According to Alves, his firm has been very supportive of the venture.

“It’s a law firm that is hugely entrepreneurial, so they like to see partners and associates who want to do something creative and build a new line of
business,” he says.

Alves says the groundwork he and Lickver have already put in place will also leave them in a strong position in the event the government ever legalizes recreational use of cannabis, a change Liberal Party Leader Justin Trudeau has been promising to make.

“I think if the regulations are expanded to allow for consumption by adults other than those with a medical need, the platform for distribution and production will likely remain the same,” says Alves.

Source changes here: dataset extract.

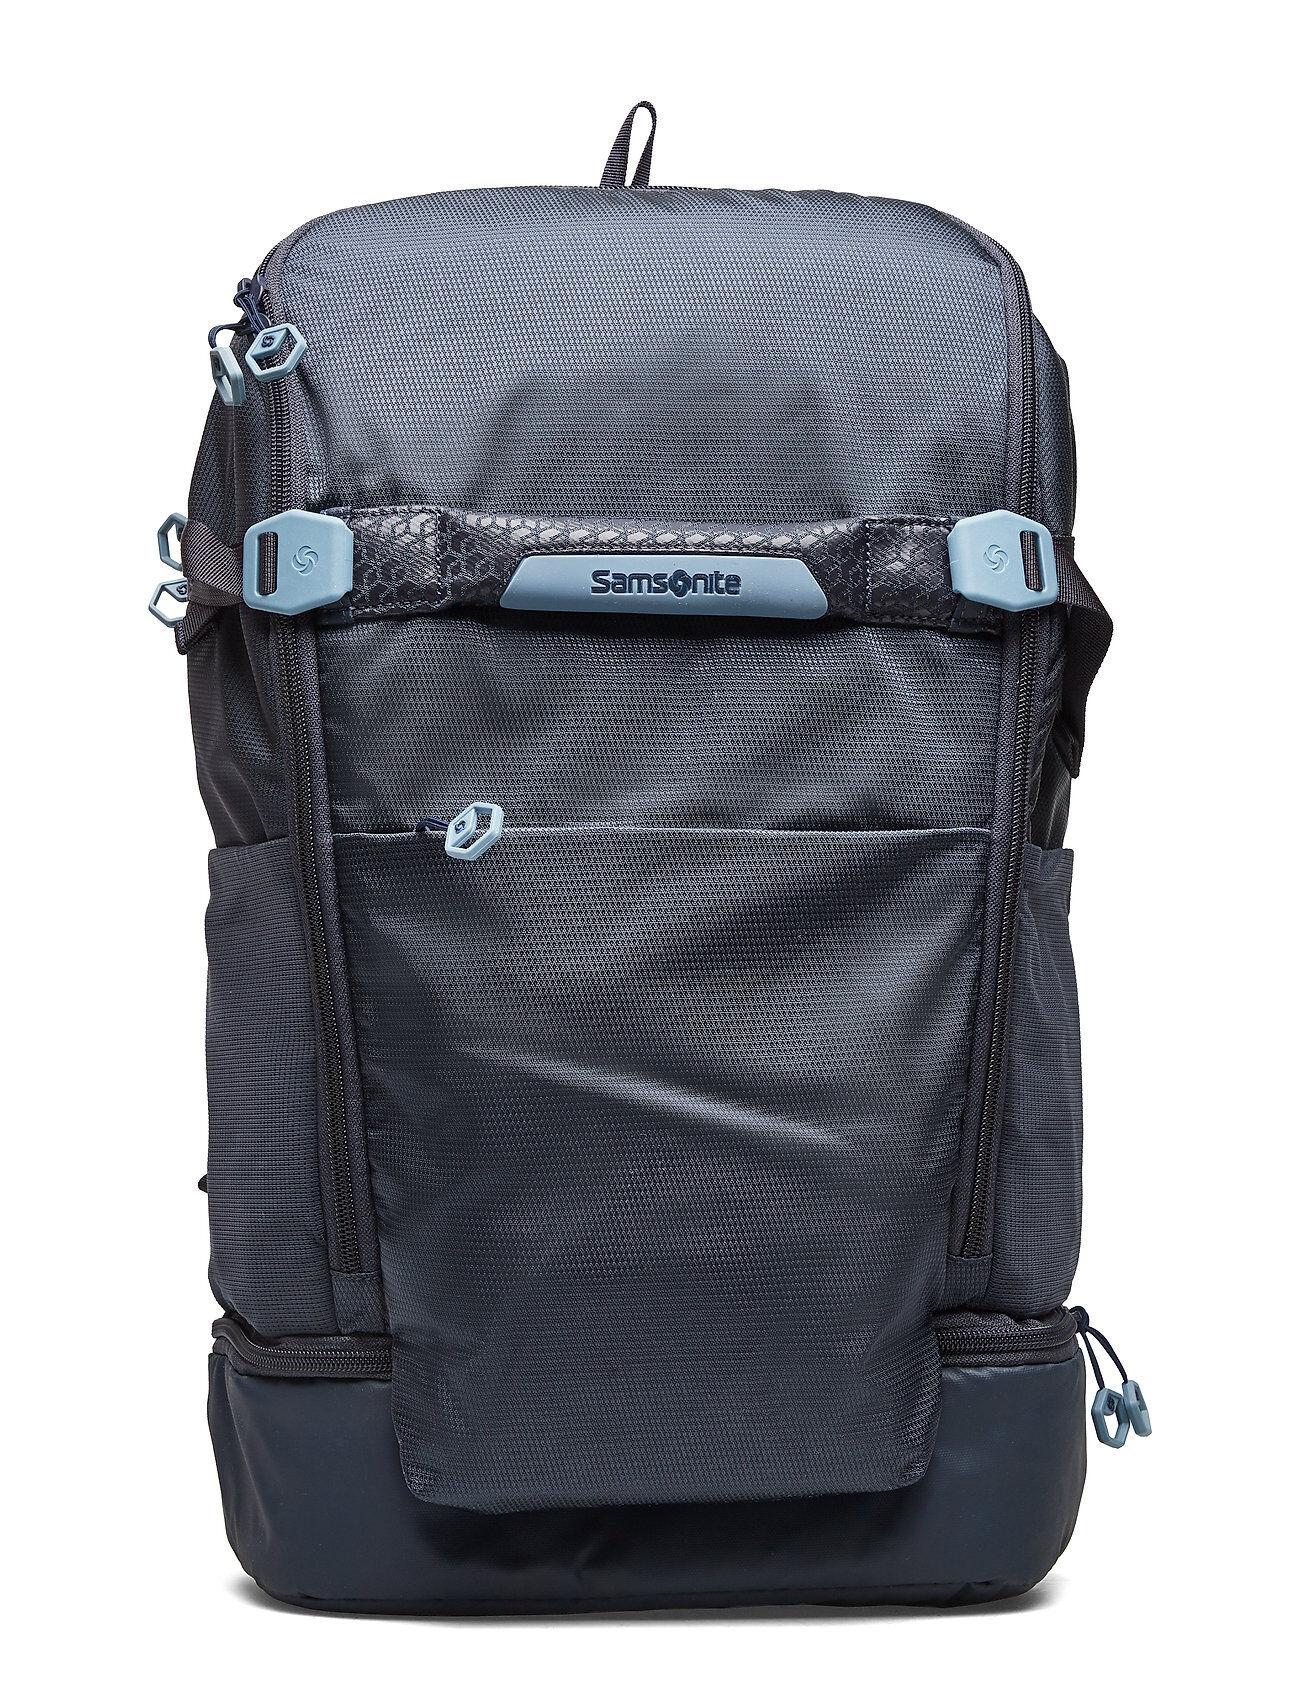 Samsonite Hexa-Packs Laptop Backpack Reppu Laukku Sininen

“The underlying policy objectives of protecting public health and safety and avoiding diversion into the criminal market, those things won’t change,” says Alves.

It’s not just in advisory roles that lawyers have sensed a business opportunity in the marijuana sector.

Maxim Zavet has taken a sabbatical from his practice at Toronto firm Levy Zavet PC to focus on his role as chief executive officer of KindCann, a medical marijuana company he cofounded that’s in the final stages of licensing with Heath Canada.

“The licensing process has been a big challenge,” says Zavet.

“There’s no manual on how to put an application together and it’s a very slow process. I think there are two or three former lawyers involved in companies.

It’s a field lawyers sink their teeth into because the regulatory compliance takes some knowledge to get through.”